Graph coloring with exactly k-colors

Question

The chromatic polynomial $P(G,k)$ counts all vertex colorings with $k$ or fewer colors.

But is there a polynomial that can count vertex colorings with exactly $k$ colors?

If you simply take the difference $P(G,k) - P(G,k-1)$, the degeneracy of color-set choices is not taken into account. For example, with $k$=4 colors, the many ways of selecting a set of 3 colors (from 4 possible) each constitute a distinct color palette, but are only deducted once using the above technique.

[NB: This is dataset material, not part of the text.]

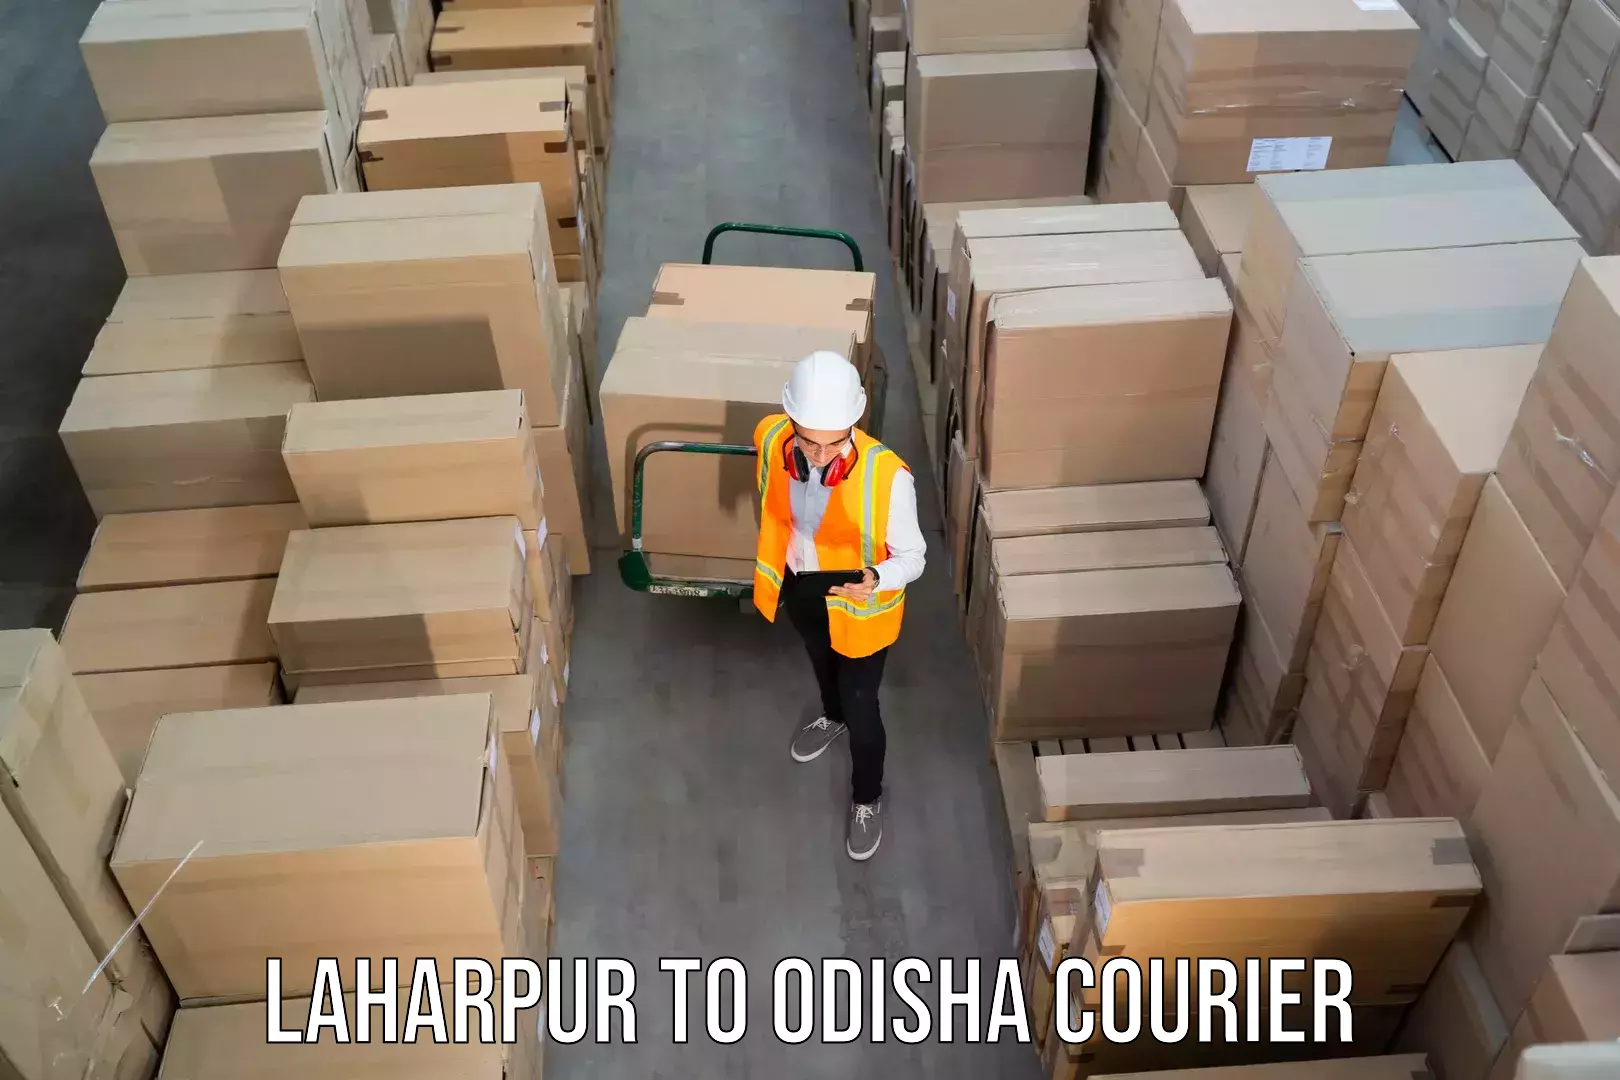 E-commerce fulfillment Laharpur to Duburi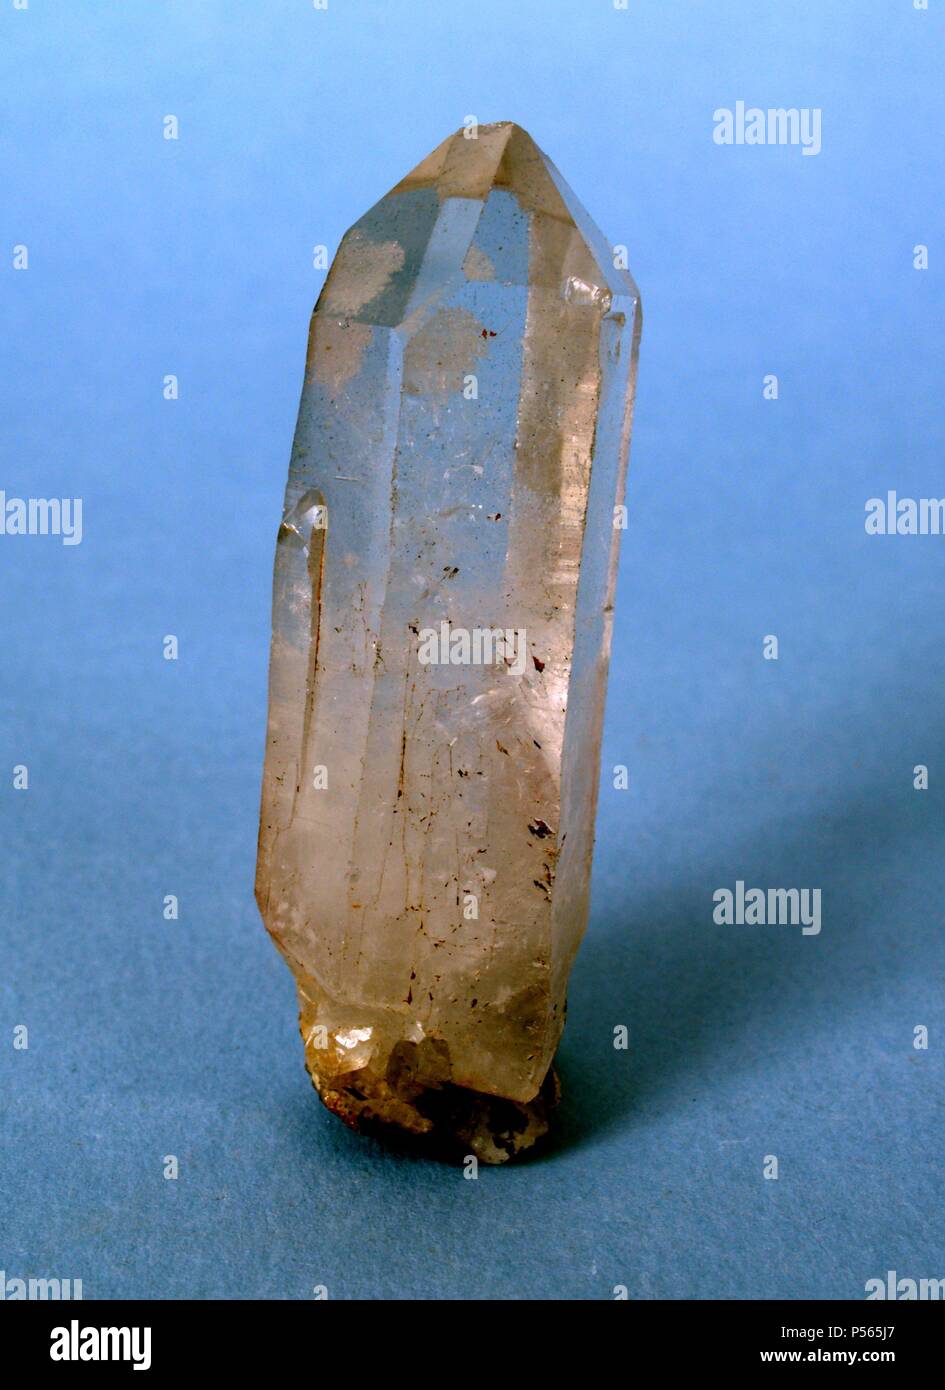 CUARZO HIALINO. Mineral muy difundido en la naturaleza, constituido por  bióxido de silicio. Cristales de forma prismática Stock Photo - Alamy

Perhaps you just take this into account in a straightforward way?

Answer 1

If we name the hypothetical function $f_G(k)$ then we see that $$\chi_G(k) = \sum_{i=0}^{k} \binom{k}{i} f_G(i)$$

If $f_G$ is a polynomial, $f_G(x) = \Theta(x^a)$ for some $a$, then $\chi_G(2x)$ has a term $\binom{2x}{x} f_G(x)$, and in particular is not bounded by any polynomial. In fact, we can conclude that $f_G(x)$ must be asymptotically bounded by $a^{-x}$ for some $a > 1$.

An alternative perspective is to note that if $k > V$ then $f_G(k) = 0$. The only polynomial which has infinitely many roots is $P(x) = 0$.

Either way, we see that $f_G(k)$ is not a polynomial.

Answer 2

Let $S \subseteq \{1,2,3,4\}=S_0$, and let $P_S$ be the number of proper colorings of $G$ that use either $S$ or a subset of $S$. Let $P'_S$ be the number of proper colorings of $S$ that use all of $S$ ie., every color of $S$ is used in the coloring.

Then by Inclusion-Exclusion:

$$P'_{S_0} = P_{S_0} -\sum_{S: |S|=3} P_S + \sum_{S: |S|=2} P_S - \sum_{S: |S|=1} P_S$$

or to use the notation in the statement of the problem, where $P'(G,k)$ is the number of colourings of $G$ that use all $k$ colors:

$$P'(G,4) = P(G,4)-4P(G,3)+6P(G,2)-4P(G,1)$$